Jim Jennings, the Director of Content at RTÉ, said that Gogan “defined the Irish popular music scene for decades”. 

He advocated for Irish artists and Irish music throughout his career, meaning he was respected not only by audiences, but by musicians too. This, in many ways, was his unique quality: he was loved by the listener, and loved by the artist.

“Larry’s legacy will endure in popular culture and the popular imagination for decades to come,” he said. 

Gogan, who was born in 1934, broadcast his first radio programme on RTÉ Radio 1. He was also in the original line-up of RTÉ Radio 2, which eventually became RTÉ 2fm. 

In January 2019, he moved from 2FM to RTÉ Gold and presented his last programme on 2FM. 

He presented The Golden Hour up until February 2014. 

Dan Healy, the Head of RTÉ 2FM, said that Larry was part of the foundation of the station. 

“He was, arguably, the greatest music DJ in Irish broadcasting history; that gorgeous voice; that genius with a link; that love for the music,” he said. 

“Larry won all the major radio awards in Ireland but over and above them all he had the one that mattered most: universal popularity.” 

Minister for Culture Josepha Madigan joined in the tributes to Gogan. “We have lost another of our cherished broadcasters. He was loved by the listeners and artists alike. My condolences to his family and friends,” she said. 

Fans and friends took to Twitter this morning to pay their respects and share their memories of the broadcaster. 

RTÉ’s Joe Duffy said that Larry was the “soundtrack of our lives” from the 1960s onwards. 

“I visited him ten days ago, he was in his usual great form with his loving family, his beautiful honeyed voice, the quick wit and deep intelligence shone through,” Duffy wrote on Twitter

Speaking on RTÉ Radio One’s Morning Ireland programme this morning, Duffy said that his voice never changed during his career. It was, he said, “the voice of the new swinging Ireland”. 

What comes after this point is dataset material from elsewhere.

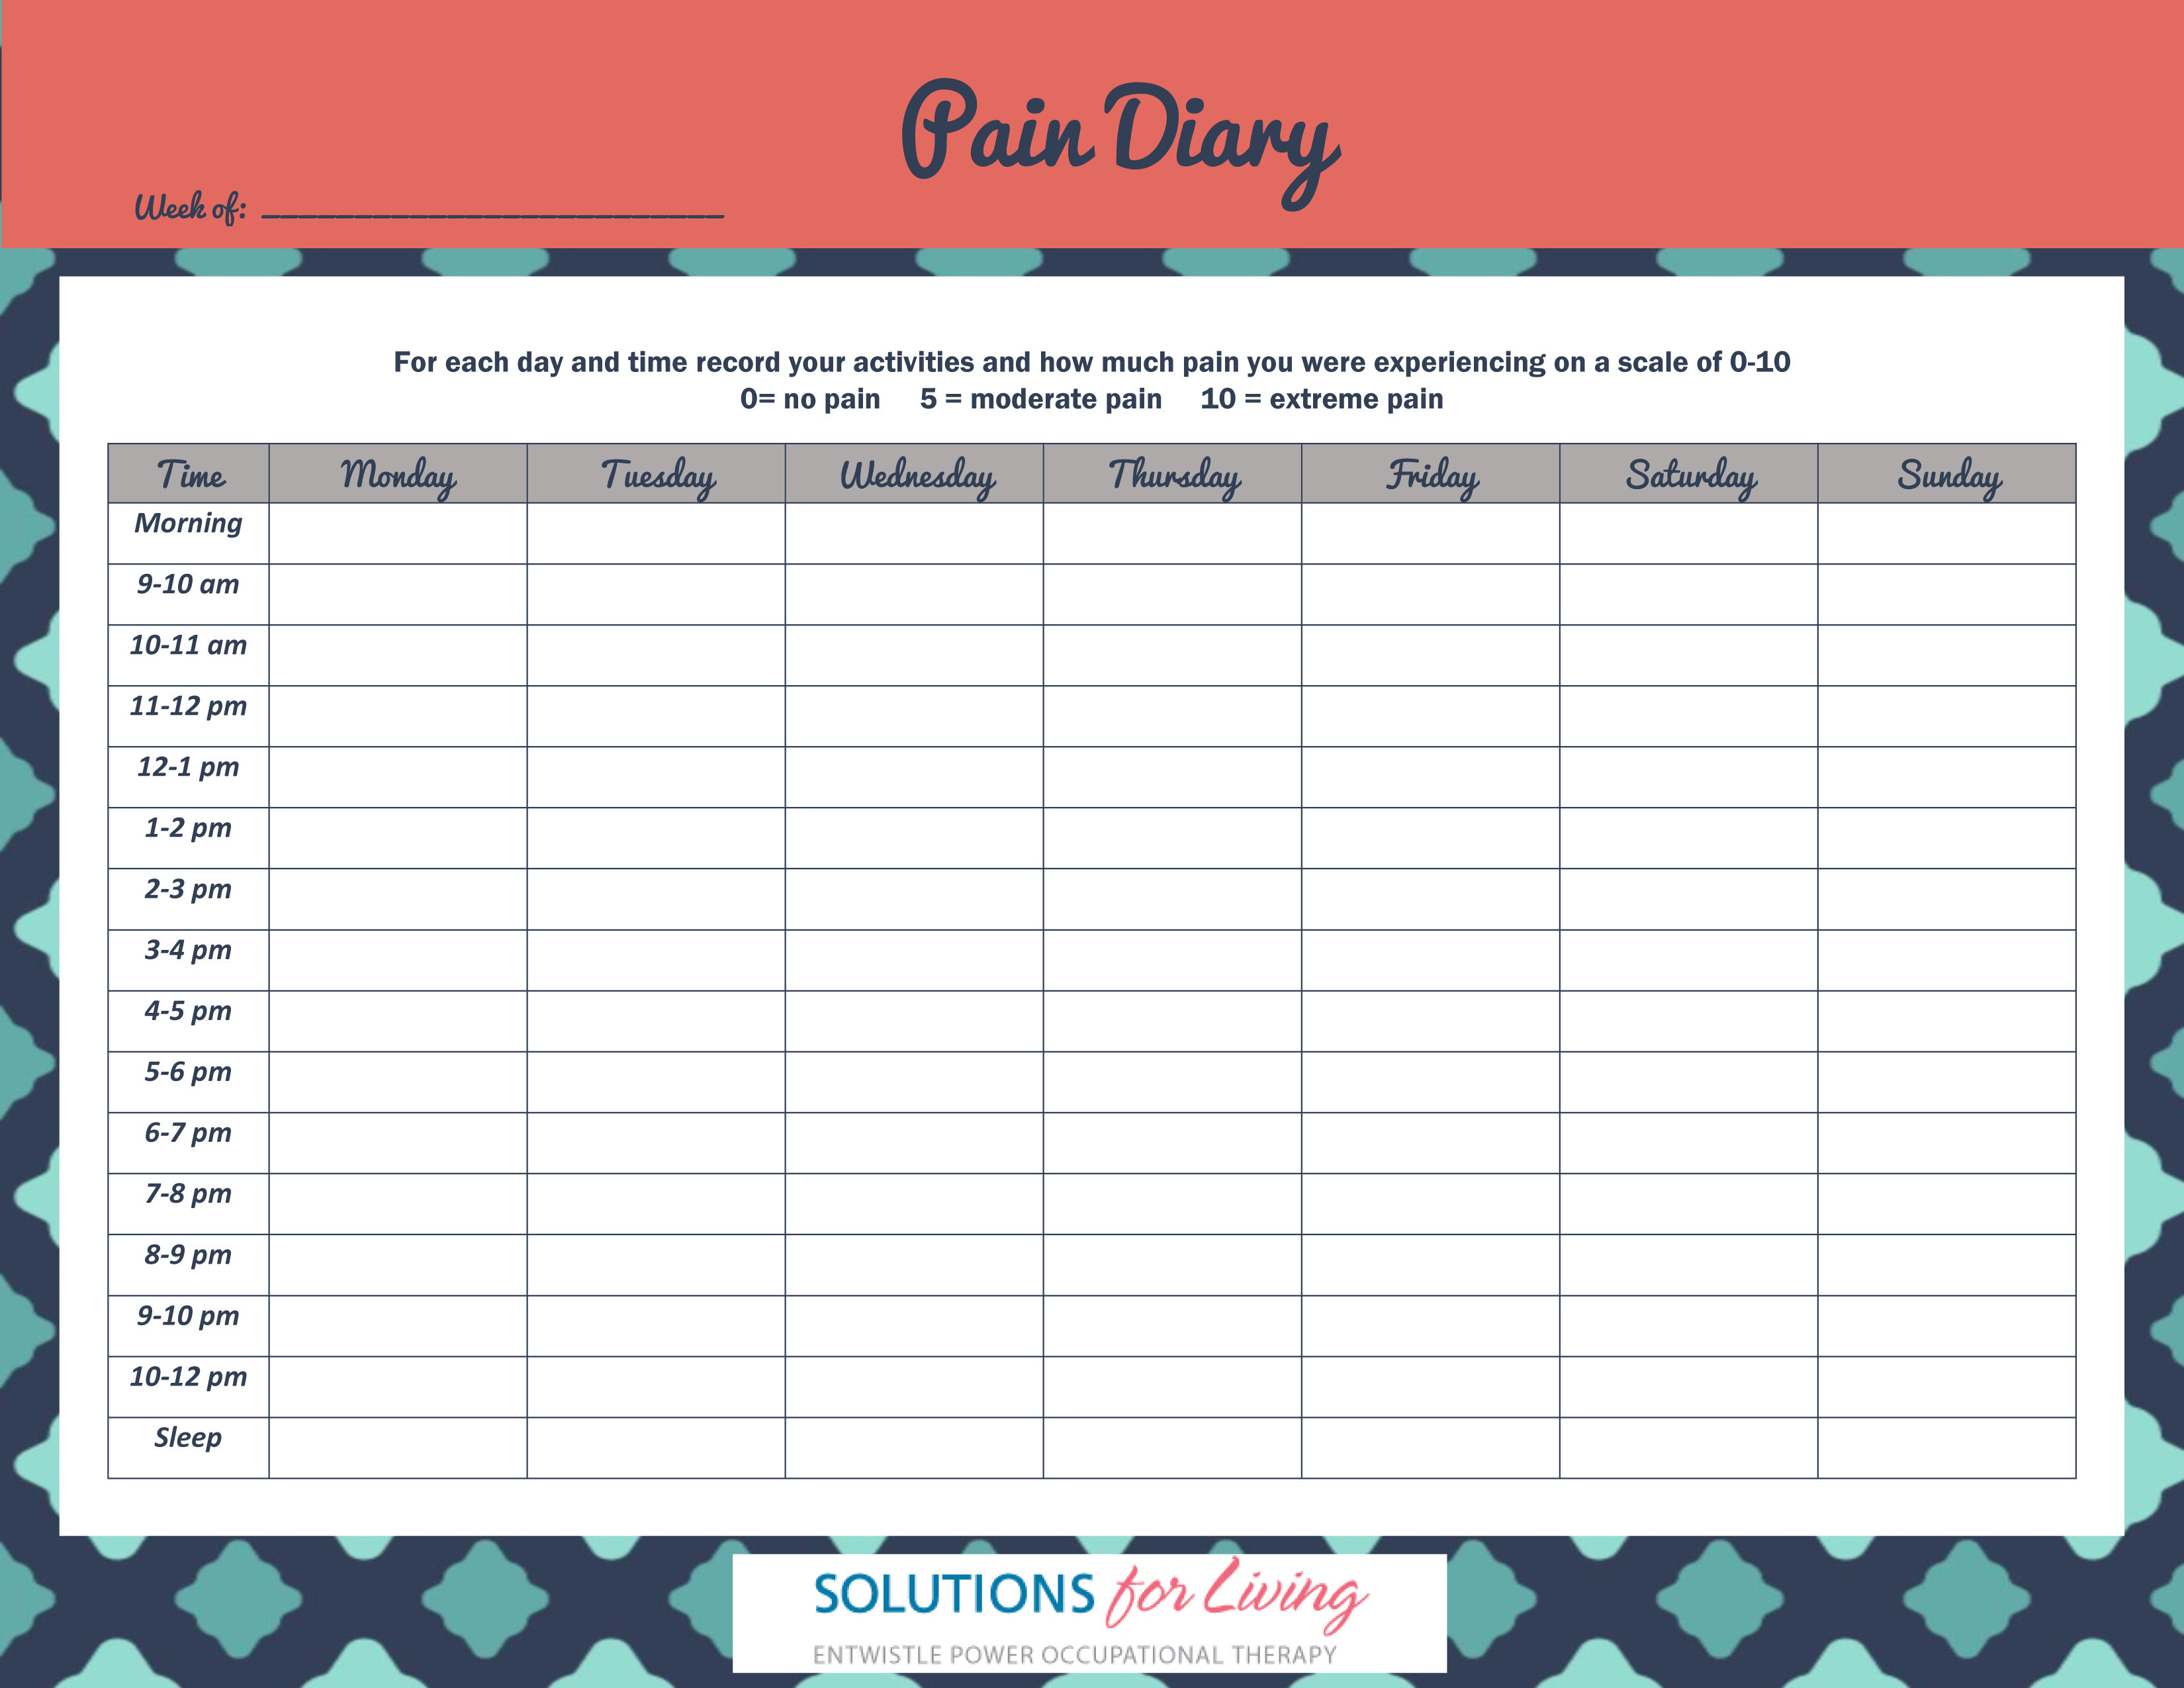 Pain Diary SOLUTIONS FOR LIVING

“You didn’t have to meet Larry Gogan to know that he was a gorgeous man,” he said. 

Opening his show on RTÉ Radio One this morning, Ryan Tubridy paid tribute to Gogan, adding that his death was particularly poignant in the wake of the deaths of both Gay Byrne and Marian Finucane

“There is a sense that this trinity of talent that has dominated the Irish airwaves,” he said, “has all left us now”.

“He was genial, he was gentle, he was giving and he was good craic,” Tubridy said.

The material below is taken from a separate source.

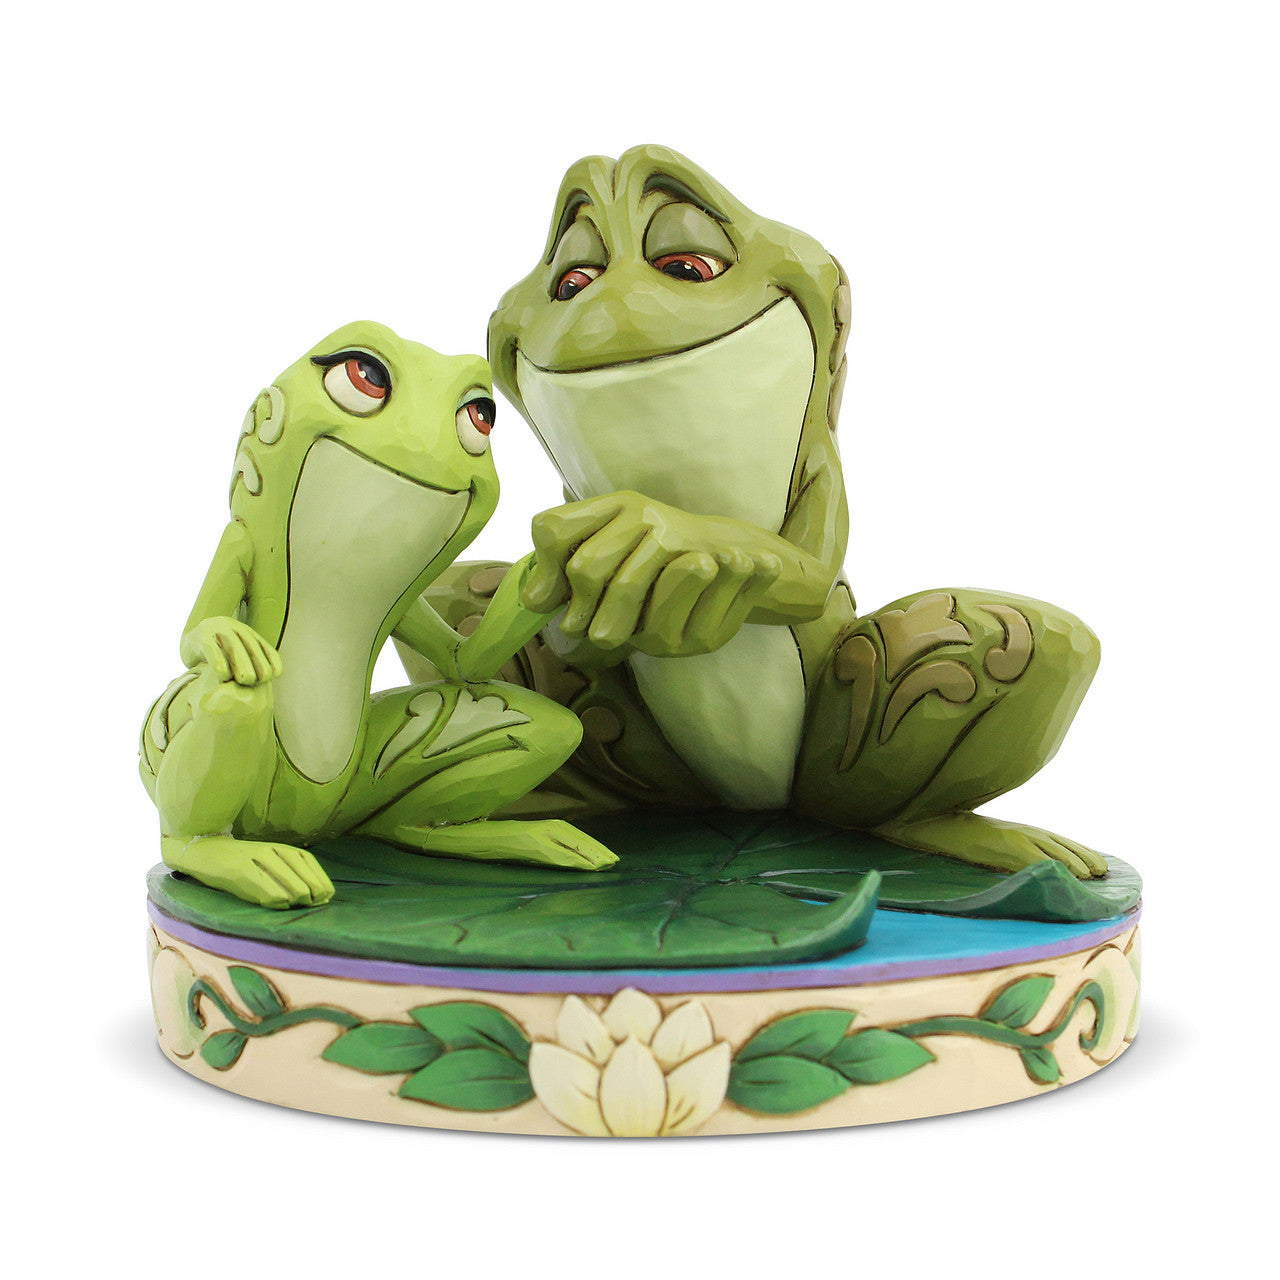 Amorous Amphibians - Tiana and Naveen as Frogs

“One of those rare creatures in public life – a man who was universally loved and admired.”

On the same programme, RTÉ presenter Ronan Collins paid an emotional tribute to his friend: “Larry wasn’t just professionally happy. He was personally happy. He loved music. He never broke it down into categories. He always had his own voice, and what a voice.”

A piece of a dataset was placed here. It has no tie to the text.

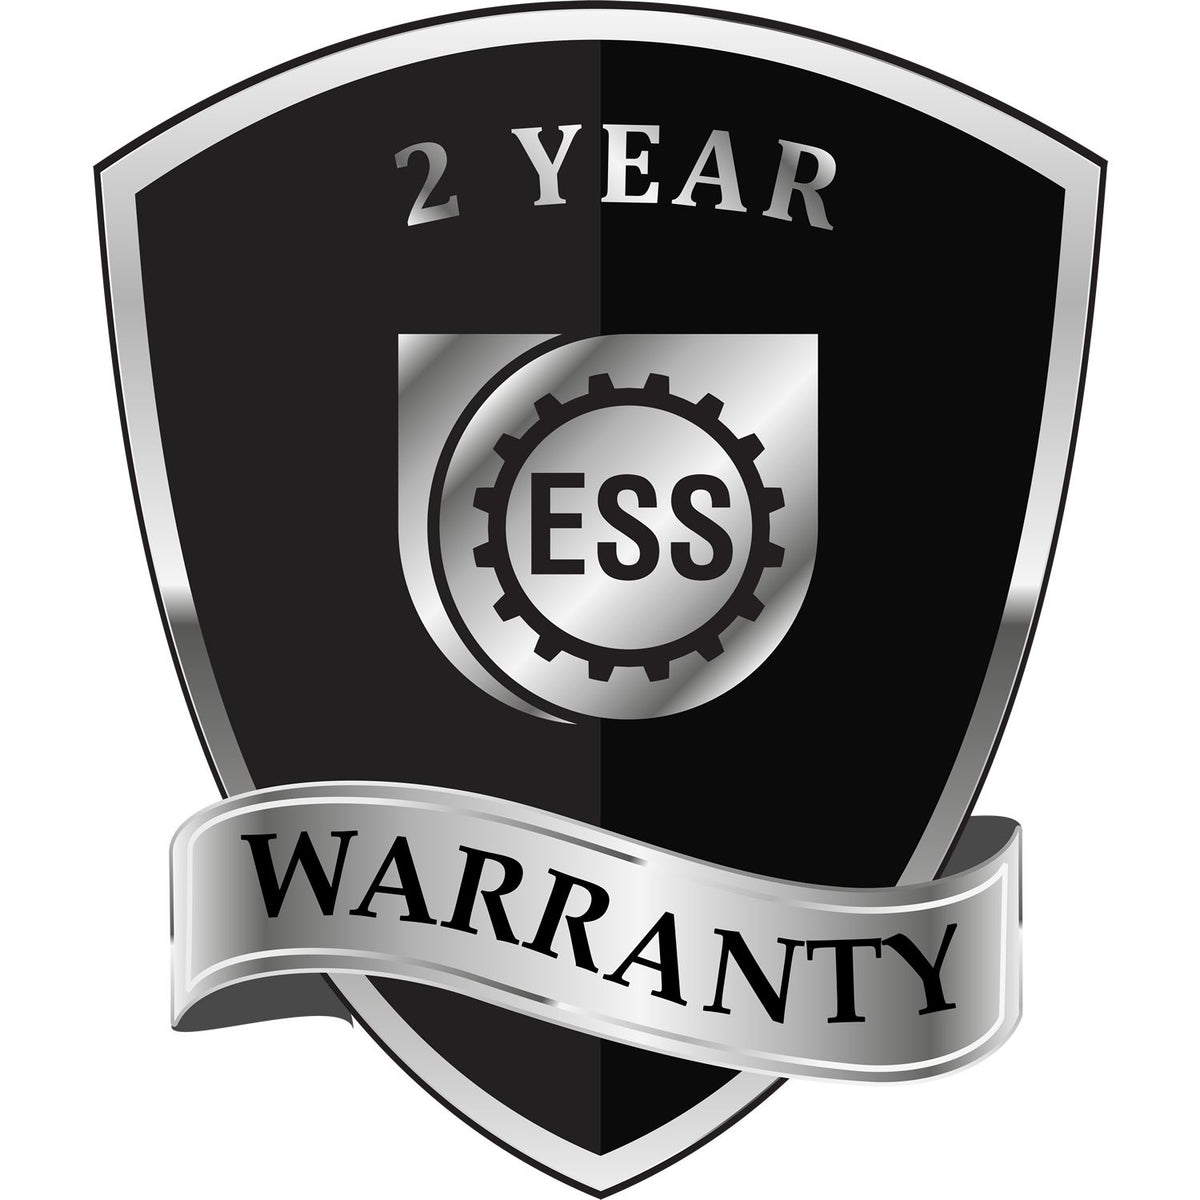 A badge or emblem showing a warranty icon for the Maine Engineer Desk Seal

RTÉ presenter Marty Whelan said that Gogan was a “dear friend and a wonderful man”, while presenter and commentator Marty Morrissey praised him as a “brilliant broadcaster”.

RTÉ News presenter Caitriona Perry also called him the “voice of Ireland”.

With reporting from Conor McCrave

Announcing Gogan’s passing this morning RTÉ listed his age as 81. It has since been confirmed he was 85.